RAW DATA:
──────
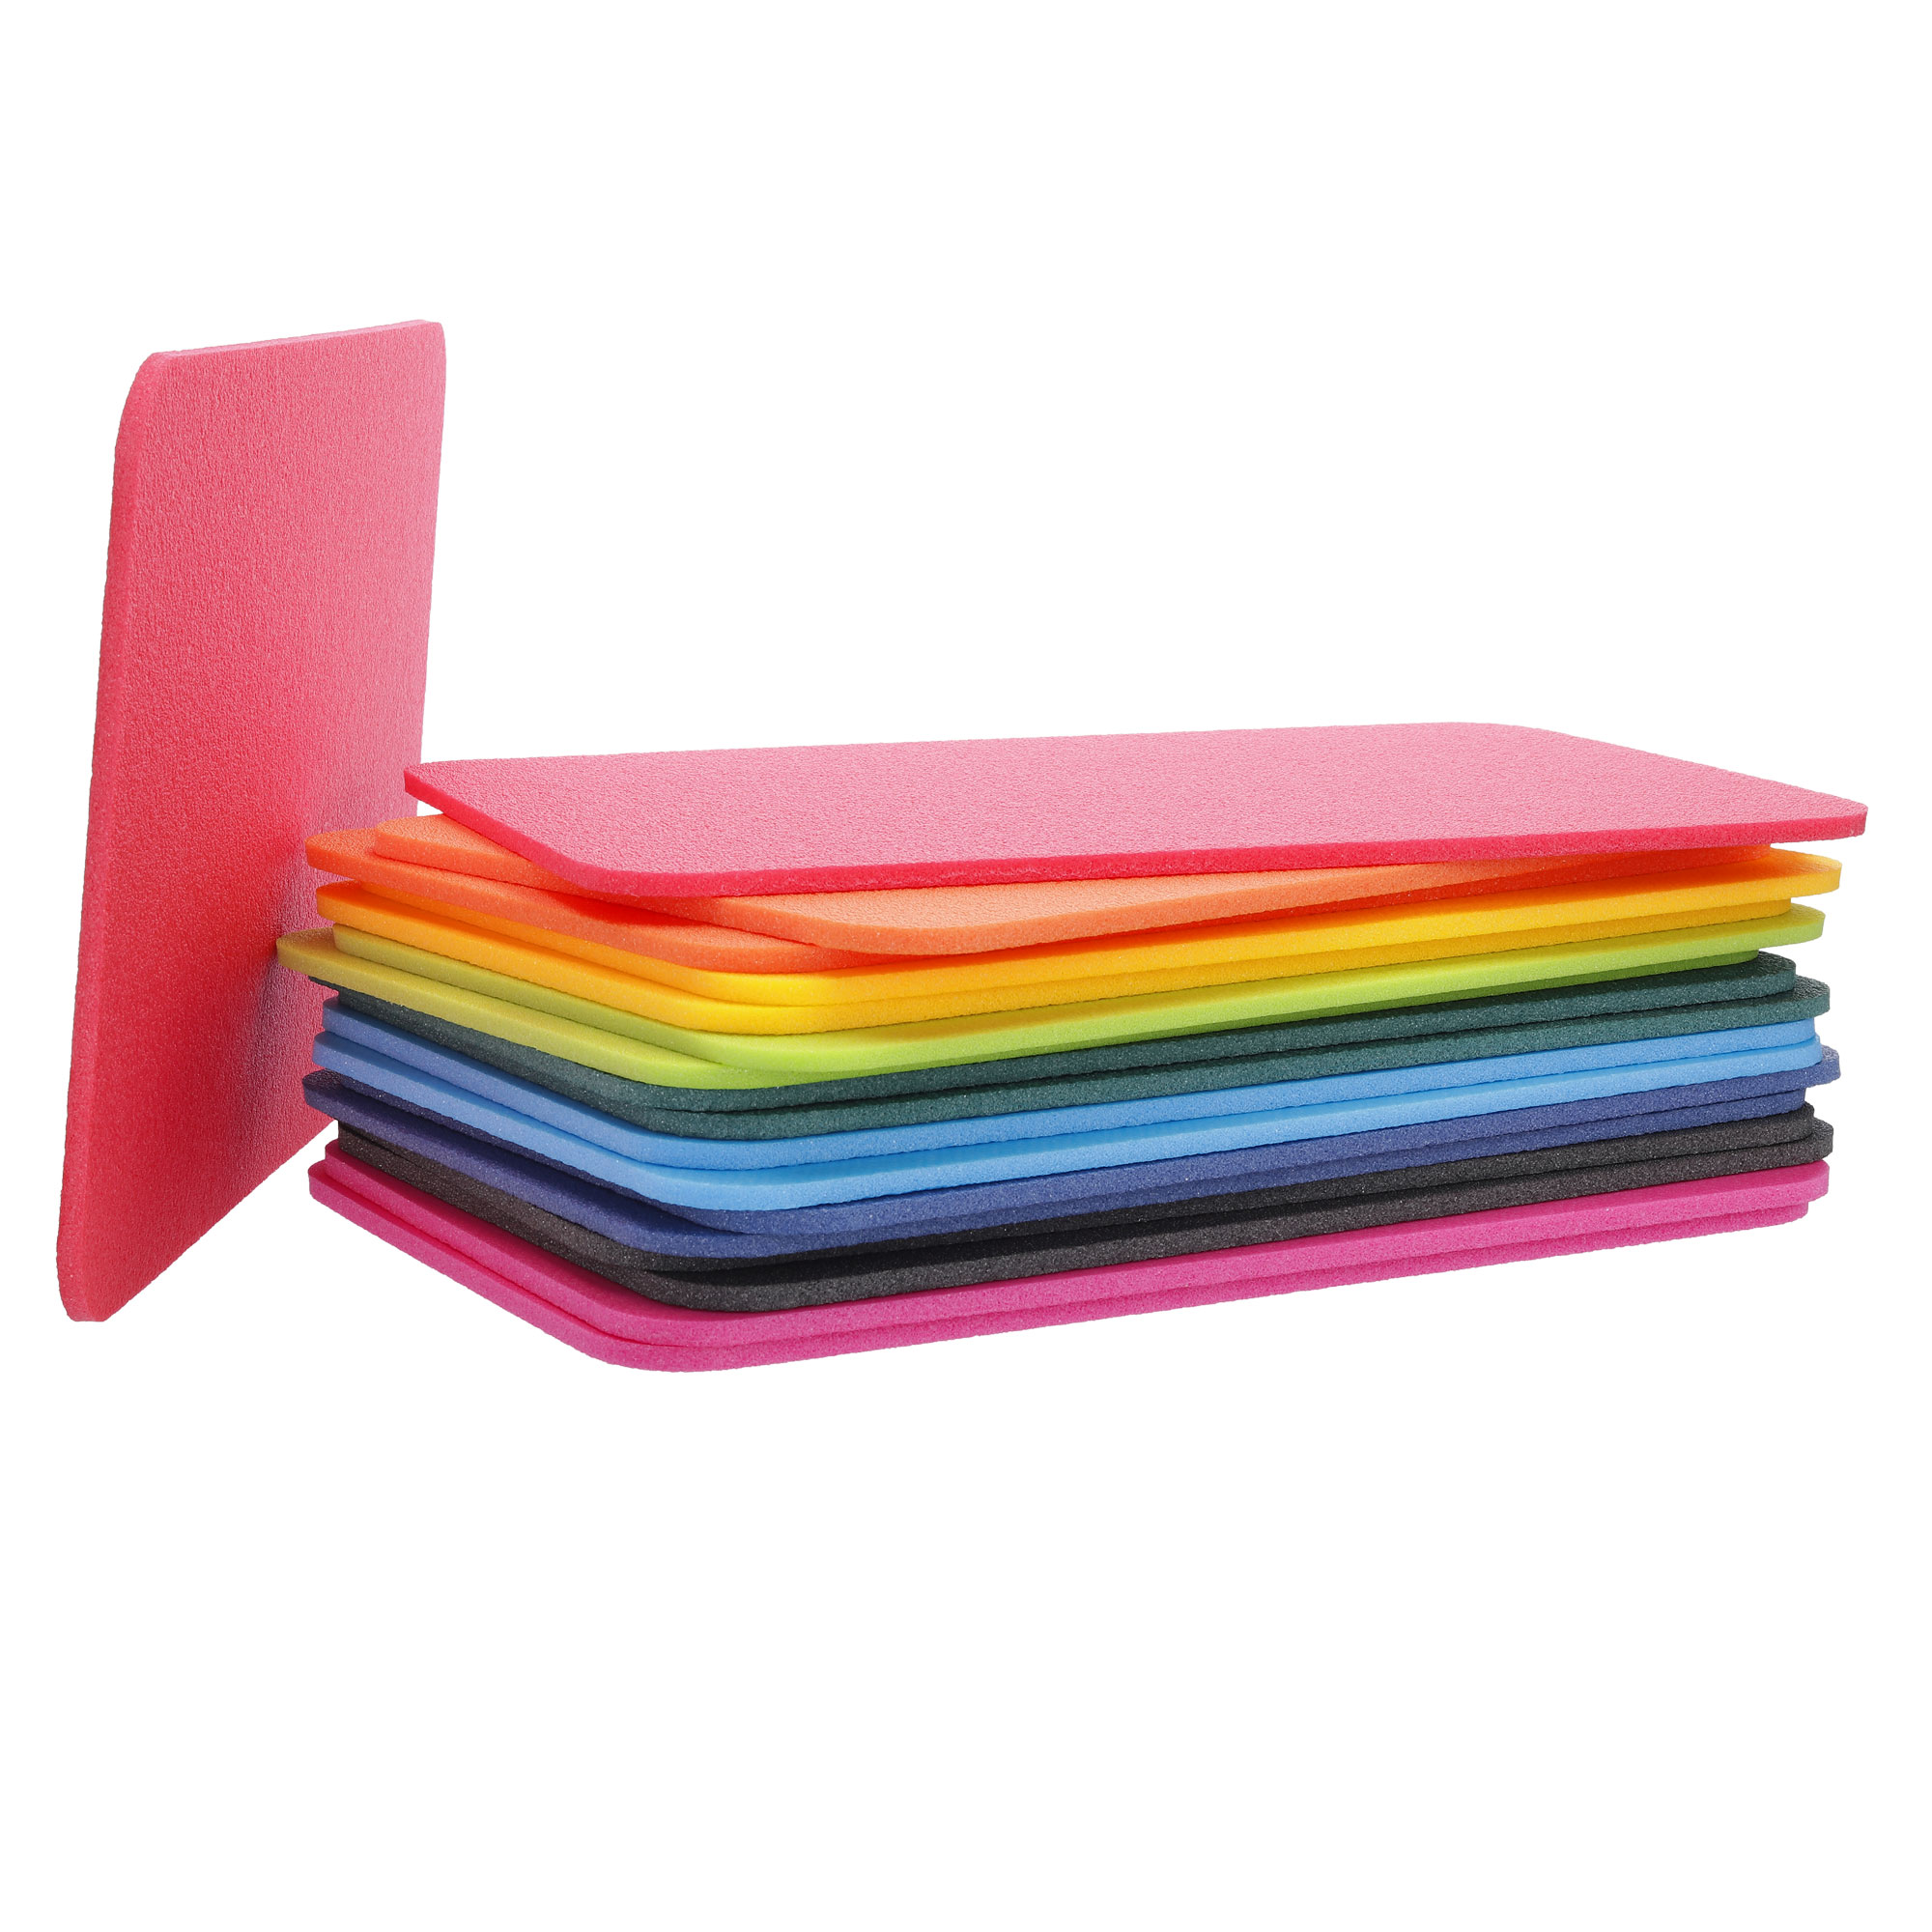 Yate Schaumstoff Sitzkissen in Regenbogenfarben viereckig ohne
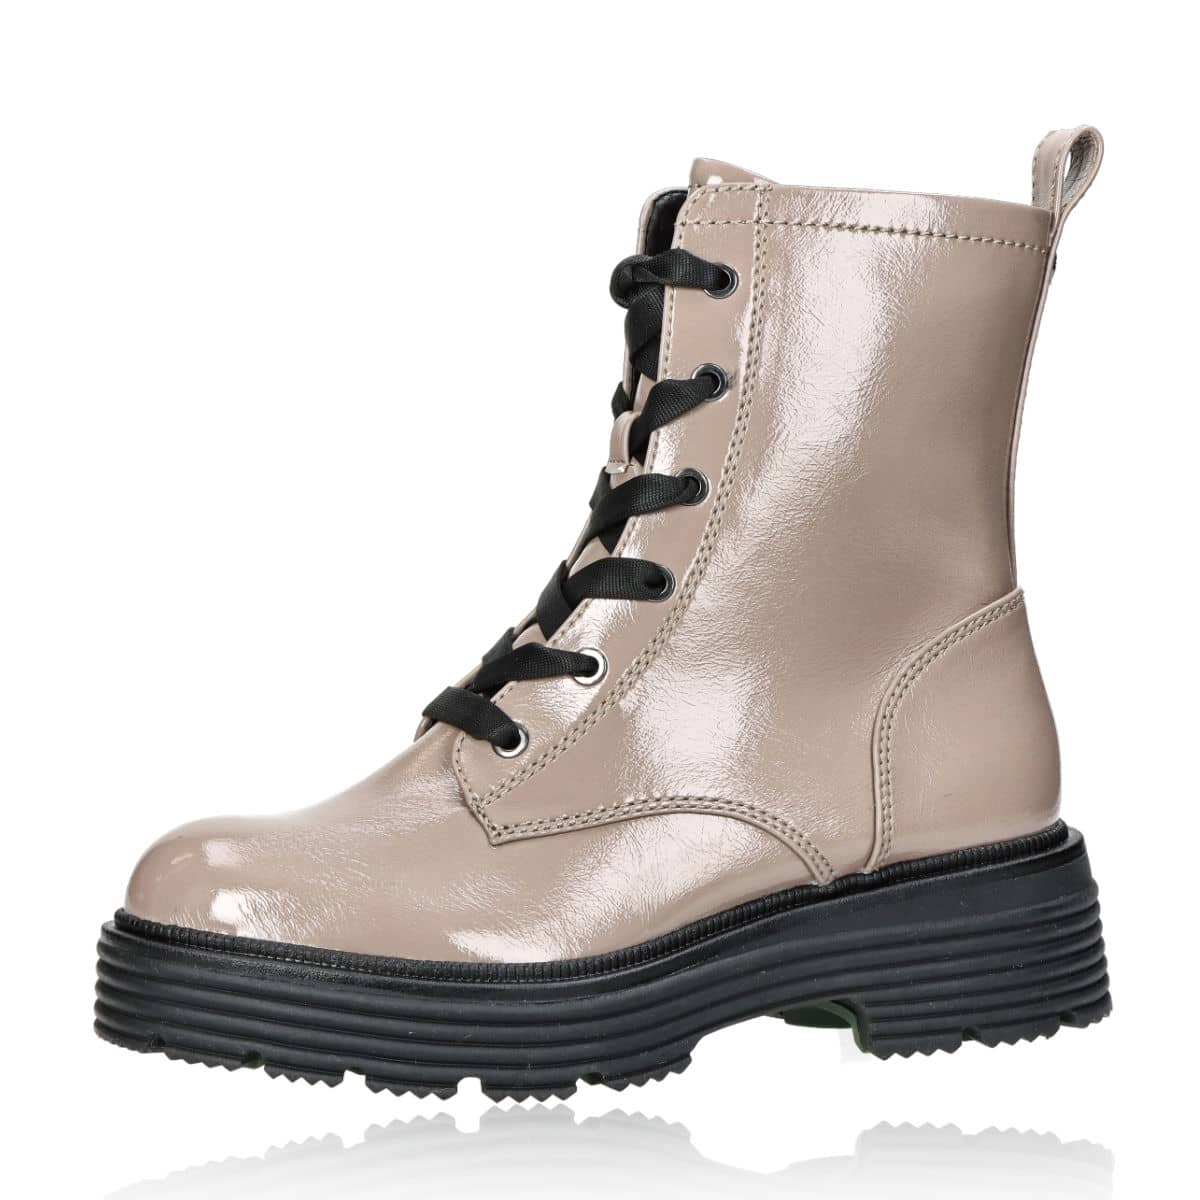 Tamaris women's zipped boots - beige/brown | Robel.shoes
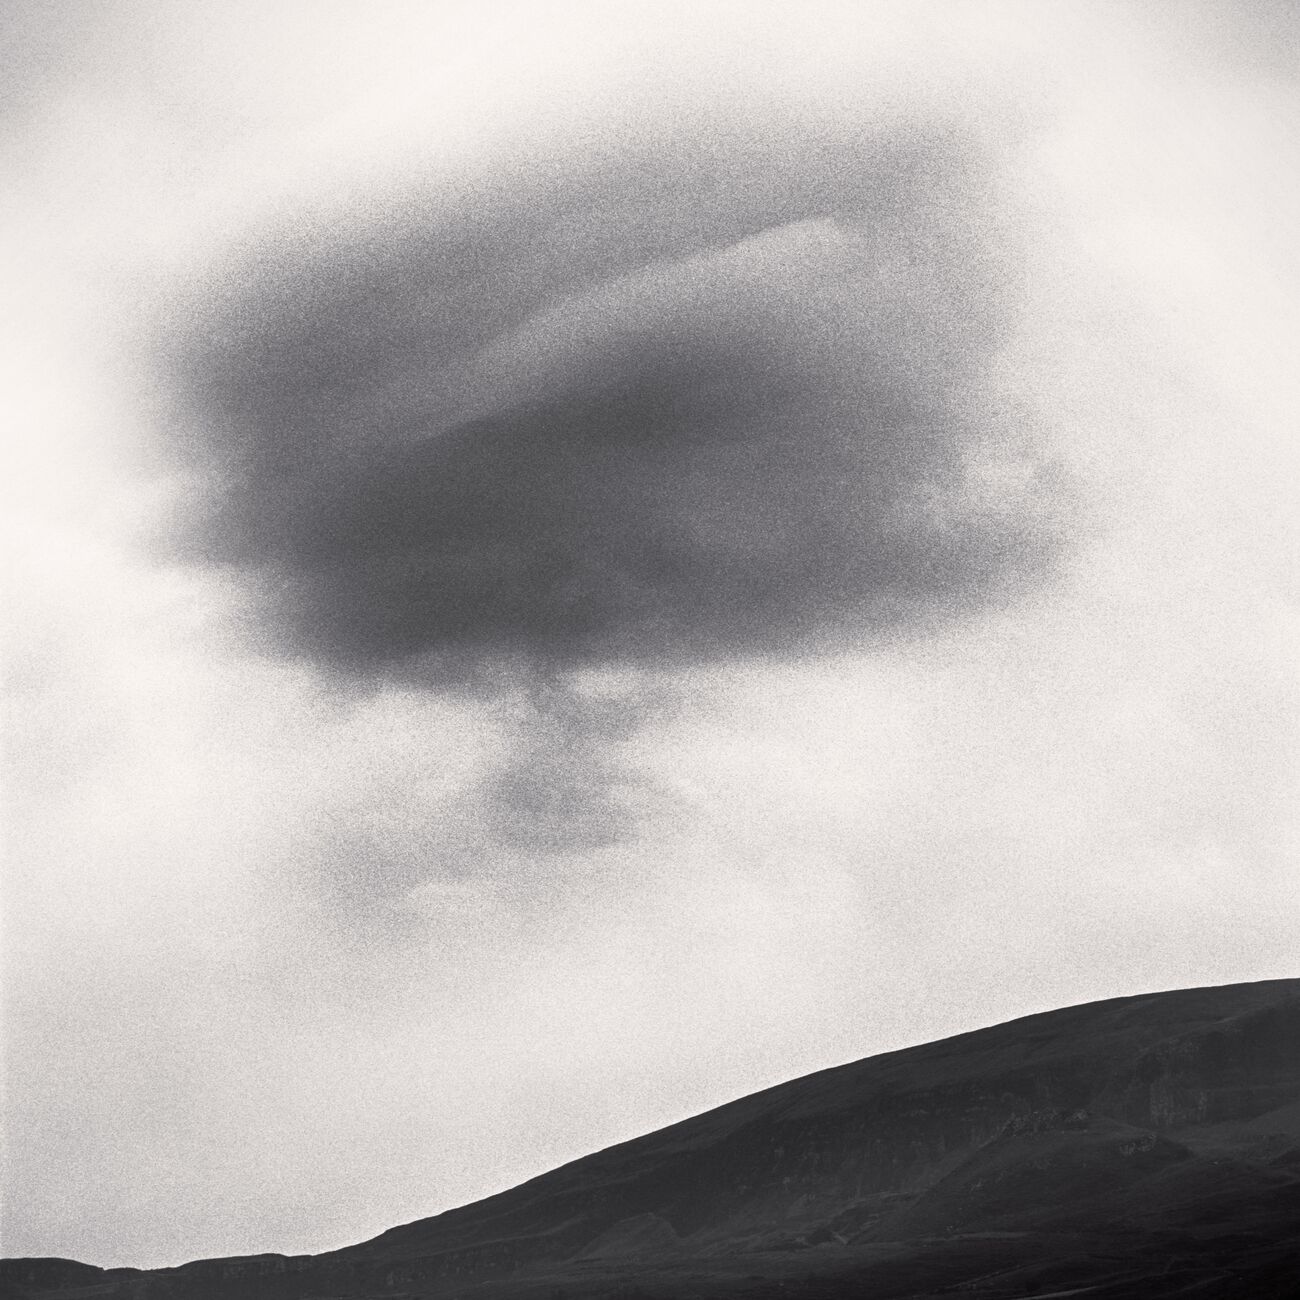 Dark Cloud, Staffin Coast, Scotland. August 2022. Ref-11575 - Denis Olivier Photography
──────
REQUIREMENT: When you write out the material again, keep every word exact and omit the pictures.

TASK ANSWER:
 Yate Schaumstoff Sitzkissen in Regenbogenfarben viereckig ohne
 Tamaris women's zipped boots - beige/brown | Robel.shoes
 Dark Cloud, Staffin Coast, Scotland. August 2022. Ref-11575 - Denis Olivier Photography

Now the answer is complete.